If only one single species is specified, the result will directly be stored under the output folder specified with -o.
Example:
-i mapping_file_sample_B.bam -o /home/neukamm/results_damageprofiler/ -s ‘NC_002677.1’
The results will be stored in /home/neukamm/results_damageprofiler/mapping_file_sample_B/NC_002677.1/
-i mapping_file_sample_B.bam -o /path/to/result/directory/mapping_file_sample_B/ -s ‘NC_002677.1,NC_028801.1’

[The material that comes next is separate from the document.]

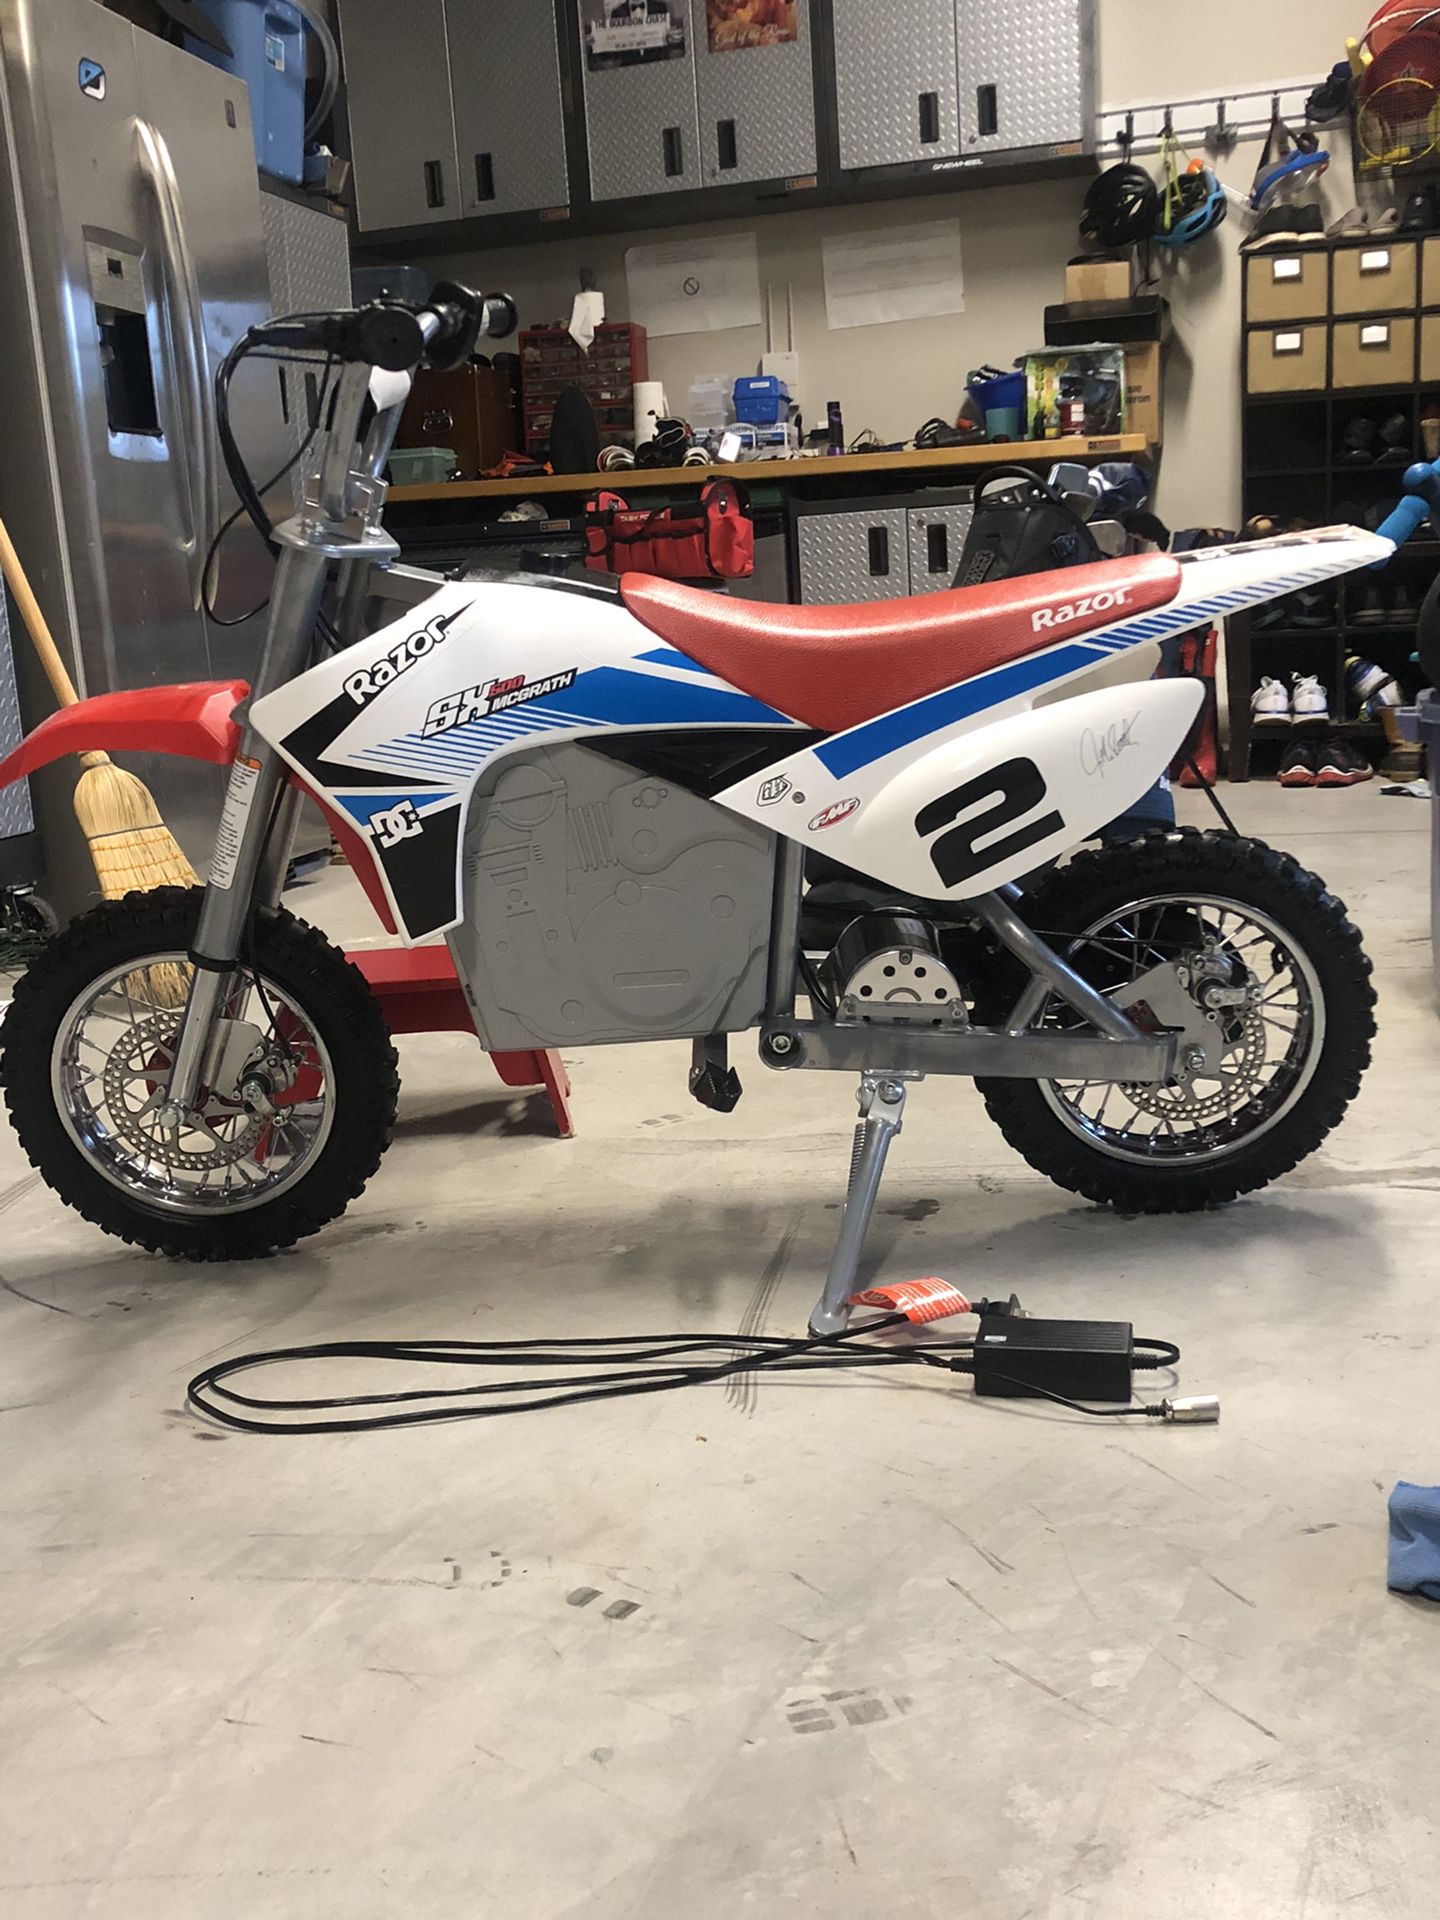 Razor sx500 electric dirt bike (Great deal)

The results will be stored in /path/to/result/directory/mapping_file_sample_B/NC_002677.1/ and /path/to/result/directory/mapping_file_sample_B/NC_028801.1/ and a summary pdf will be stored in /path/to/result/directory/mapping_file_sample_B/summary.pdf
-sf is specified:
Species are given as text file, one per line. No quotation marks needed. If more than one species is specified, the results are stored in separate folders (per species) under the specified output folder (-o). If only one single species is specified, the result will directly be stored under the output folder specified with -o.
- -t THRESHOLD
Number of bases which are considered for plotting nucleotide misincorporations in the damage plot. Default: 25.
- -s SPECIES
Reference sequence name (Reference NAME flag of SAM record). Depending on which database was used for mapping, this is the accession ID of the reference (i.e. NCBI accession ID). Commas within the Reference sequence name are not allowed. The species must be put in quotation marks (e.g. -s ‘NC_032001.1|tax|1917232|’), multiple species must be comma separated (e.g. -s ‘NC_032001.1|tax|1917232|,NC_031076.1|tax|1838137|’).
- -sf SPECIES FILE
List with accession IDs of species for which damage profile has to be calculated. This file is a text file, with one species entry per line. Commas within the Reference sequence name are not allowed.
Example:
-i mapping_file_sample_B.bam -o /home/neukamm/results_damageprofiler/ -sf /path/to/species_file.txt
and the content of species_file.txt would look like this:
NC_002677.1 NC_028801.1 NC_023501.3 NC_035395.1
- -l LENGTH
Number of bases which are considered for frequency computations. Default: 100.
- -title TITLE
Title used for all plots. Default: input filename.
- -yaxis_dp_max MAX_VALUE
Maximal y-axis value that is visualized in the damage plot.
- -color_c_t COLOR_C_T
Color for the line representing the C to T misincoporation frequency in the damage plot. The colour should be given as hex colour code (i.e. for magenta, set #ff00ff).
- -color_g_a COLOR_G_A
Color for the line representing the G to A misincoporation frequency in the damage plot. The colour should be given as hex colour code (i.e. for magenta, set #ff00ff).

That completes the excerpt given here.